Für diesen Vergleich – von buchstäblich unvorstellbaren Beträgen ausgestattete Ausstellern mit den vor der Geschichte zu kurz Gekommenen – darf man der Managerin vermutlich weniger Zynismus als vielmehr pures Unwissen und Nichtverstehen unterstellen: Besser macht es die Situation freilich nicht.

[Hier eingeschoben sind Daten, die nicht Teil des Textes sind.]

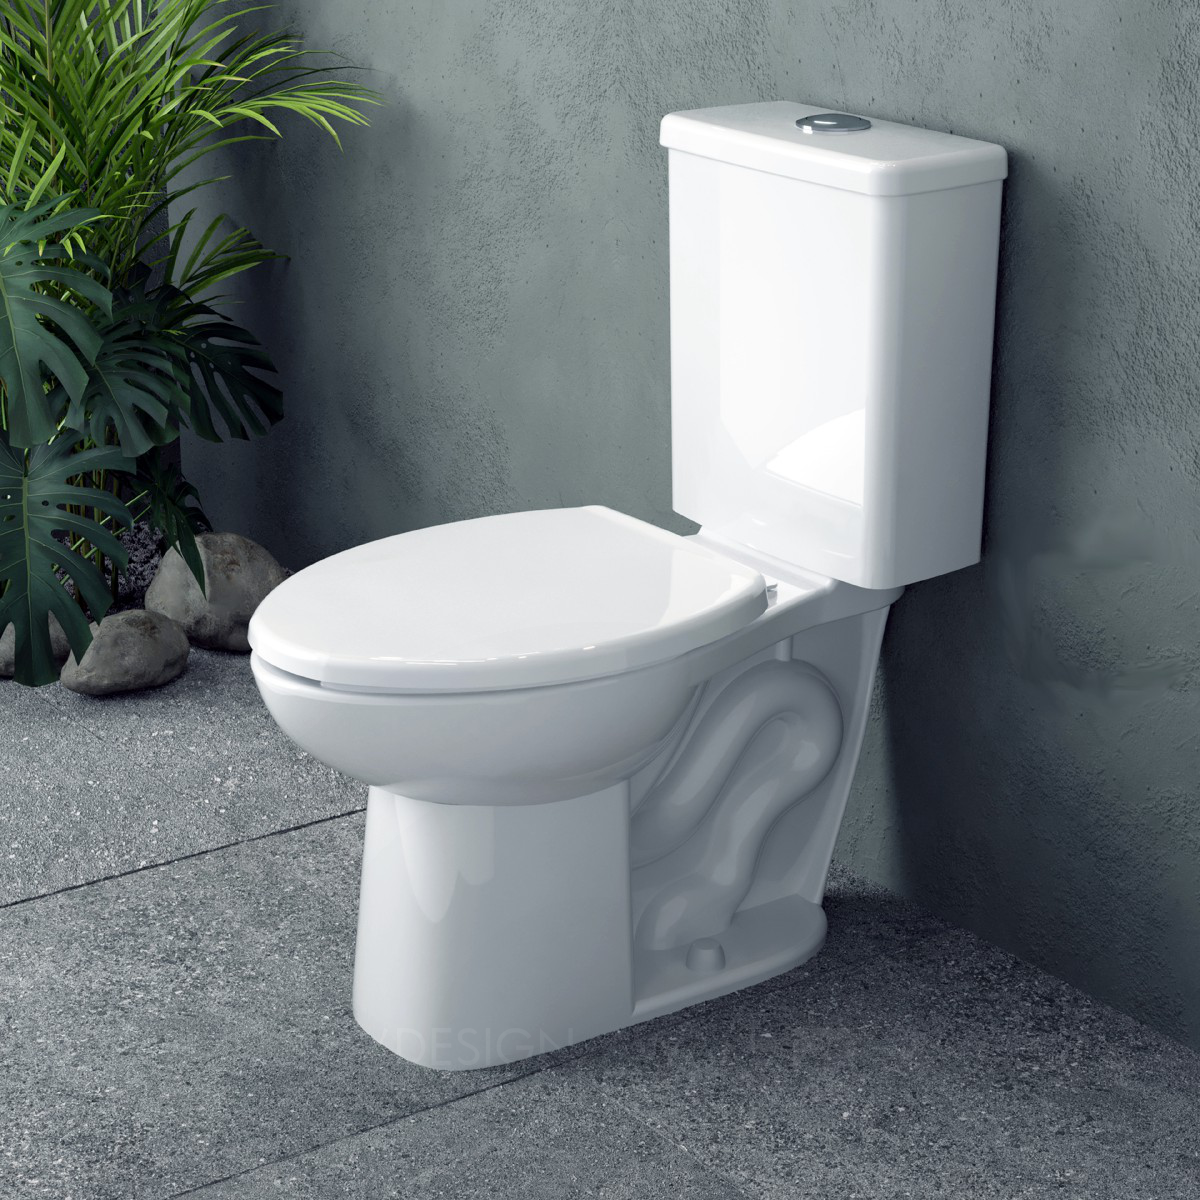 Helvex S.A. de C.V. - Manuel Martínez wins Silver at the prestigious A' Sustainable Products, Projects and Green Design Award with Sustenta Bathroom Toilet.

Denn das, was nach der Ernüchterung der Gläubigen geschieht, beschreibt Mulisch so: „Die Liebe zu etwas, das es nicht gibt, äußert sich sogleich wieder als Haß gegen etwas, daß es sehr wohl gibt und das es auszumerzen gilt.“ Und wenn es nur ein einzelner Schwarzer ist, der mühsam aufgetrieben werden musste, oder eine unbewachte Synagoge. Ob in Ost oder West, das ist in einer Gesellschaft mittlerweile egal, die ihre Integrationskraft als ökonomischen Hemmschuh versteht und sich zunehmend polarisiert, also längst rückwärts entwickelt. Der Extremismus ist nur die Rückseite einer sich unwidersprochen radikalisierenden Ideologie des Westens.